* **Dataset content**:
----

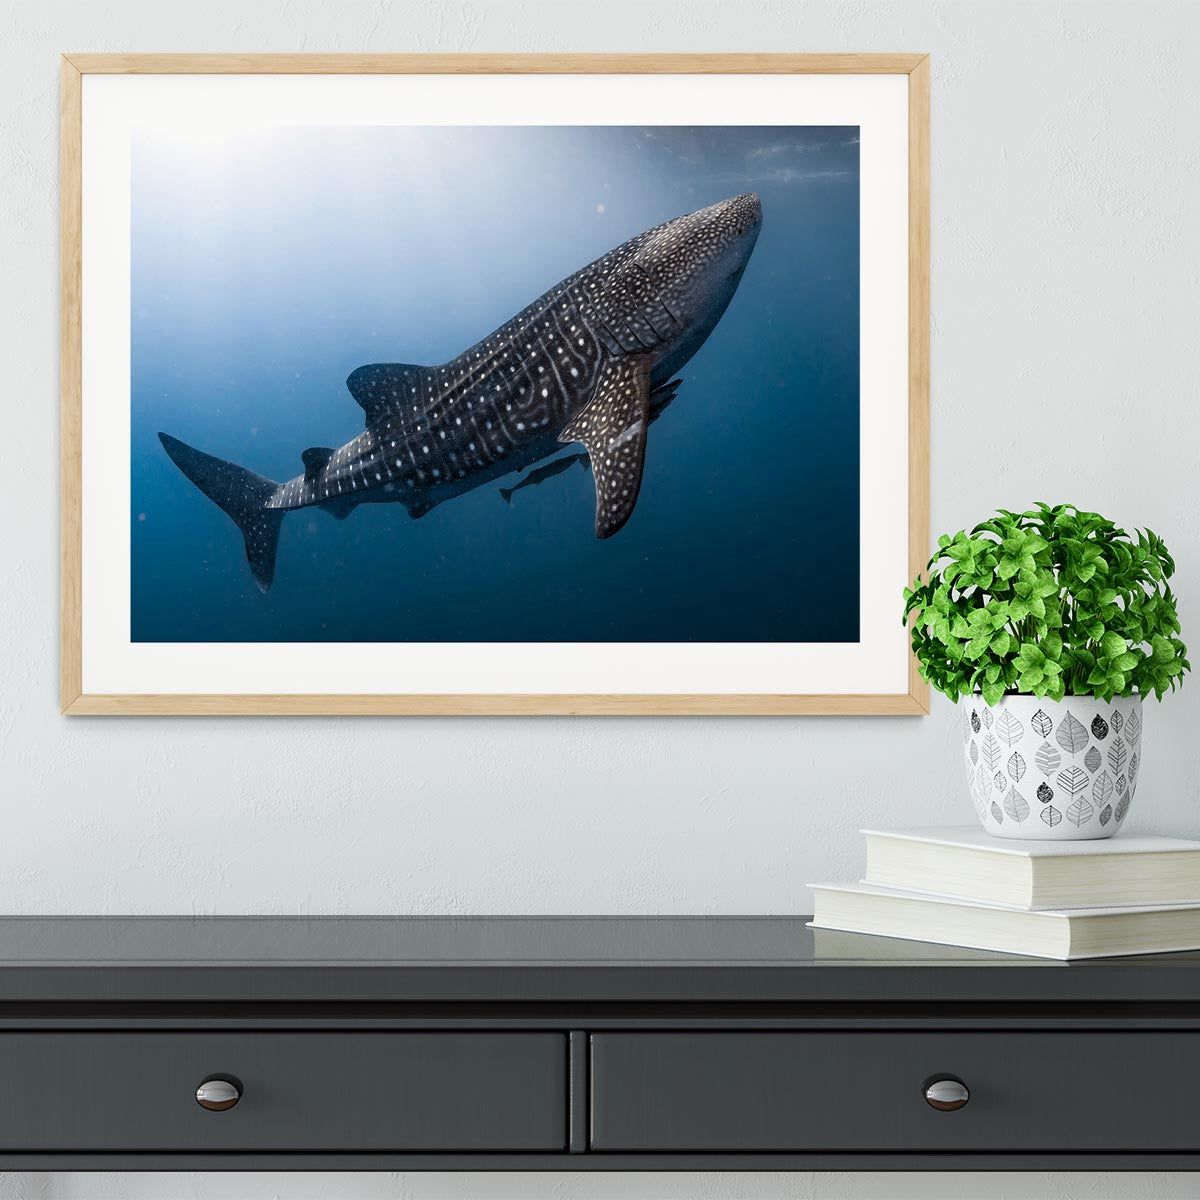 Whale Shark very near Framed Print - Canvas Art Rocks - 3
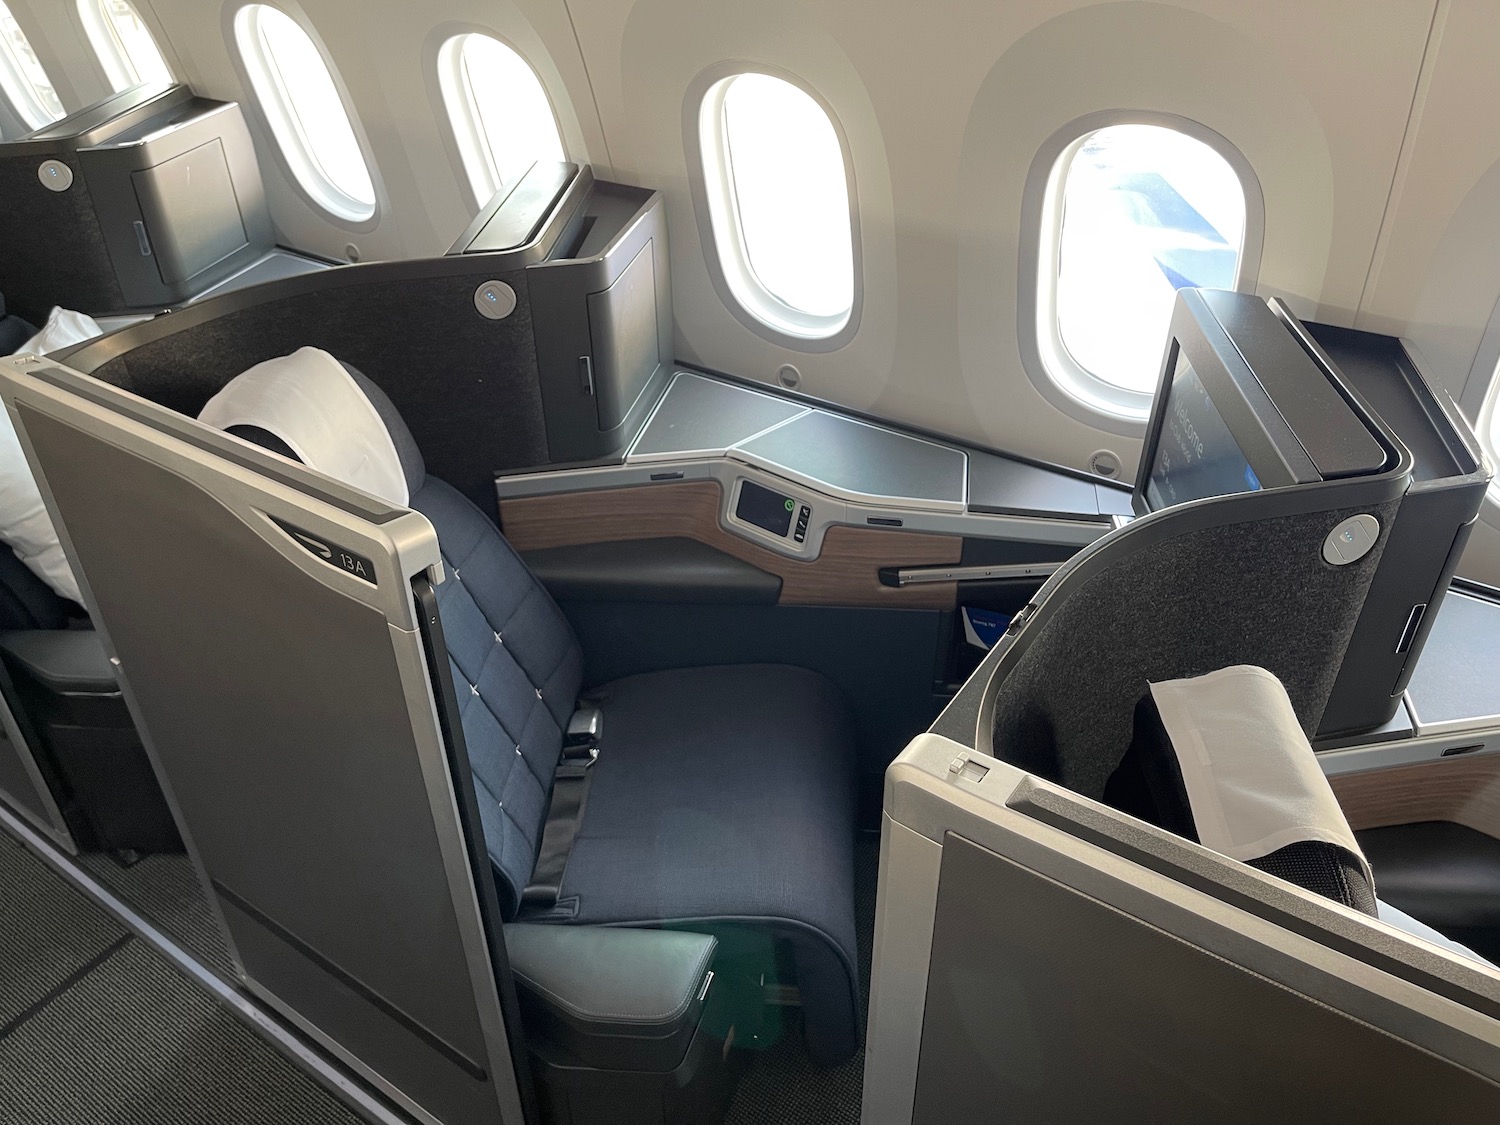 British Airways 787 10 Club World Suites 7 - Travel News, Insights & Resources.
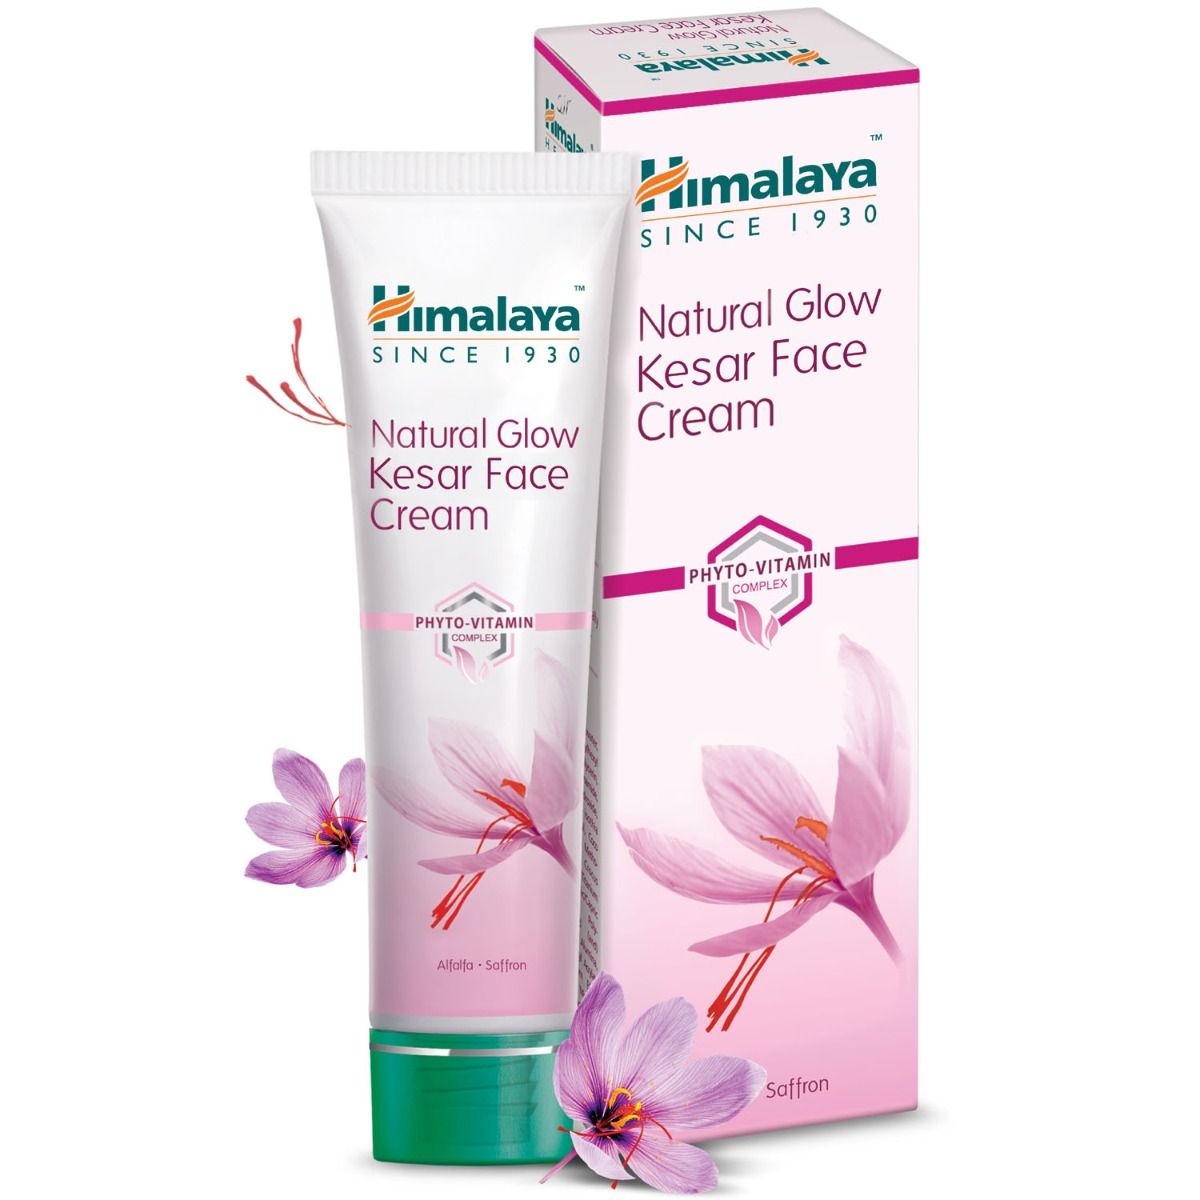 Himalaya Natural Glow Kesar Face Cream, 25 gm, Pack of 1

----

* **Exercise directions**: Your output should be the lines from the one with "British Airways 787" through the end of the listing, copied exactly and with the pictures left out.

* **Answer**:
 British Airways 787 10 Club World Suites 7 - Travel News, Insights & Resources.
 Himalaya Natural Glow Kesar Face Cream, 25 gm, Pack of 1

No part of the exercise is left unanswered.